2021-11-22 16:10:00 - 17:00:00 @ Rm 1801, Guanghua East Tower
[poster]
- Title:
Optimal Gradient Tracking for Decentralized Optimization
- Speaker: Zhuoqing Song (Fudan University)
- Advisor: Lei Shi (Fudan University)
Abstract: Click to expand
In this talk, we focus on minimizing the sum of smooth and strongly
convex local objective functions stored in a distributed manner across
the nodes of an undirected network. We propose an Optimal Gradient
Tracking (OGT) method which is the first single-loop gradient-type
method optimal in both gradient computation and communication
complexities. The development of OGT has two steps. First, we propose a
new accelerated gradient tracking method termed ``Snapshot” Gradient
Tracking (SS-GT). Inspired by the variance reduction methods Katyusha
and L-Katyusha, SS-GT combines ``snapshot” points and ``negative
momentums” with the classical gradient tracking and outperforms
previous single-loop accelerated gradient tracking methods. SS-GT is
of independent interest and can be extended to more general settings
such as time-varying graphs and directed graphs. Second, we develop
a technique termed Loopless Chebyshev Acceleration (LCA) which
can be implemented ``looplessly’’ and achieve similar effects
with inner loops of Chebyshev acceleration. The LCA technique can
accelerate many other gradient tracking based methods with respect
to the graph condition number.
2021-12-06 16:10:00 - 17:00:00 @ Rm 1801, Guanghua East Tower
[poster]
- Title:
Modeling and Decoupling Systemic Risk into Endopathic and
Exopathic Competing Risks
- Speaker: Jingyu Ji (Fudan University)
- Advisor: Zhengjun Zhang (UW–Madison)
Abstract: Click to expand
In this talk, we propose a new nonlinear time series model:
autoregressive conditional accelerated Fréchet (AcAF) model
and introduce two new endopathic and exopathic competing
risk measures for better learning risk patterns, decoupling
systemic risk, and making better risk management. We establish
the probabilistic properties of stationarity and ergodicity
of the AcAF model. Statistical inference is developed
through conditional maximum likelihood estimation. The
consistency and asymptotic normality of the estimators are
derived. Simulation demonstrates the efficiency of the proposed
estimators and the AcAF model's flexibility in modeling
heterogeneous data. Empirical studies on the stock returns
and the cryptocurrency trading show the superior performance
of the AcAF model in terms of the identified risk patterns,
enhancing the understanding of the systemic risks of a market
and their causes, and making better risk management possible.

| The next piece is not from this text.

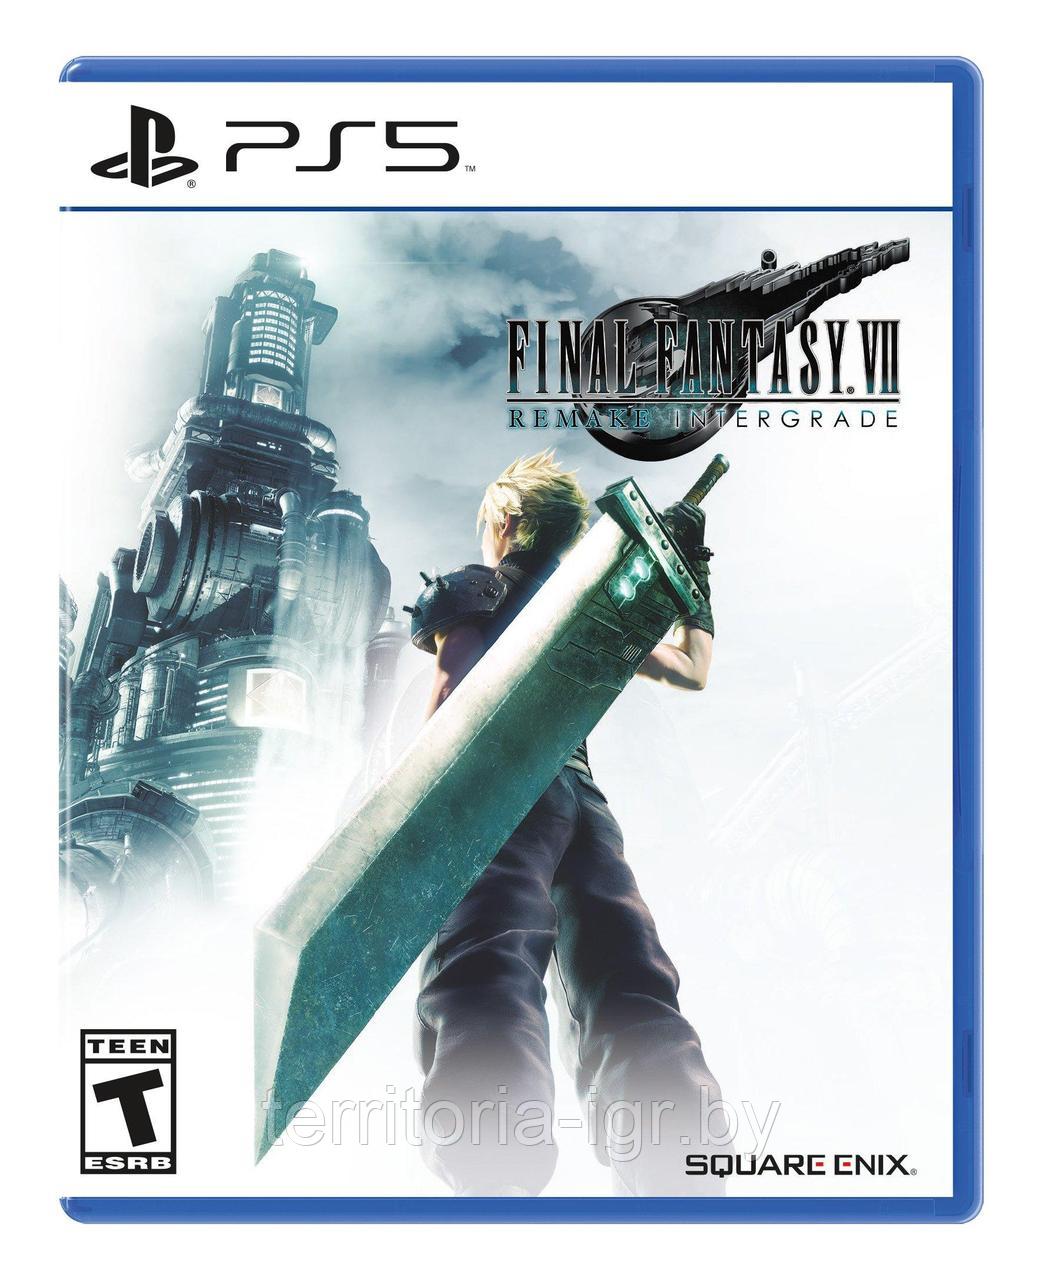 Final Fantasy VII Remake Intergrade PS5 (Английская версия)

2021-12-13 16:10:00 - 17:00:00 @ Rm 1801, Guanghua East Tower
[poster]
- Title:
Stochastic adaptive control of stabilization and synchronization
- Speaker: Xiaoxiao Peng (Fudan University)
- Advisor: Wei Lin (Fudan University)
Abstract: Click to expand
This result is completed by Dr.Zhou Shijie affiliated to
Dr.Lin Wei. Here, we design a scenario for stochastic adaptive
control. Firstly, we theoraticlly prove the feasibility on
stabilization, synchronization and parameter identification in terms
of multi-dimension Brownian motion. And the criterion for specific
noise is provided here. At last, we verify its feasibility by giving
some typical examples of dynamical systems.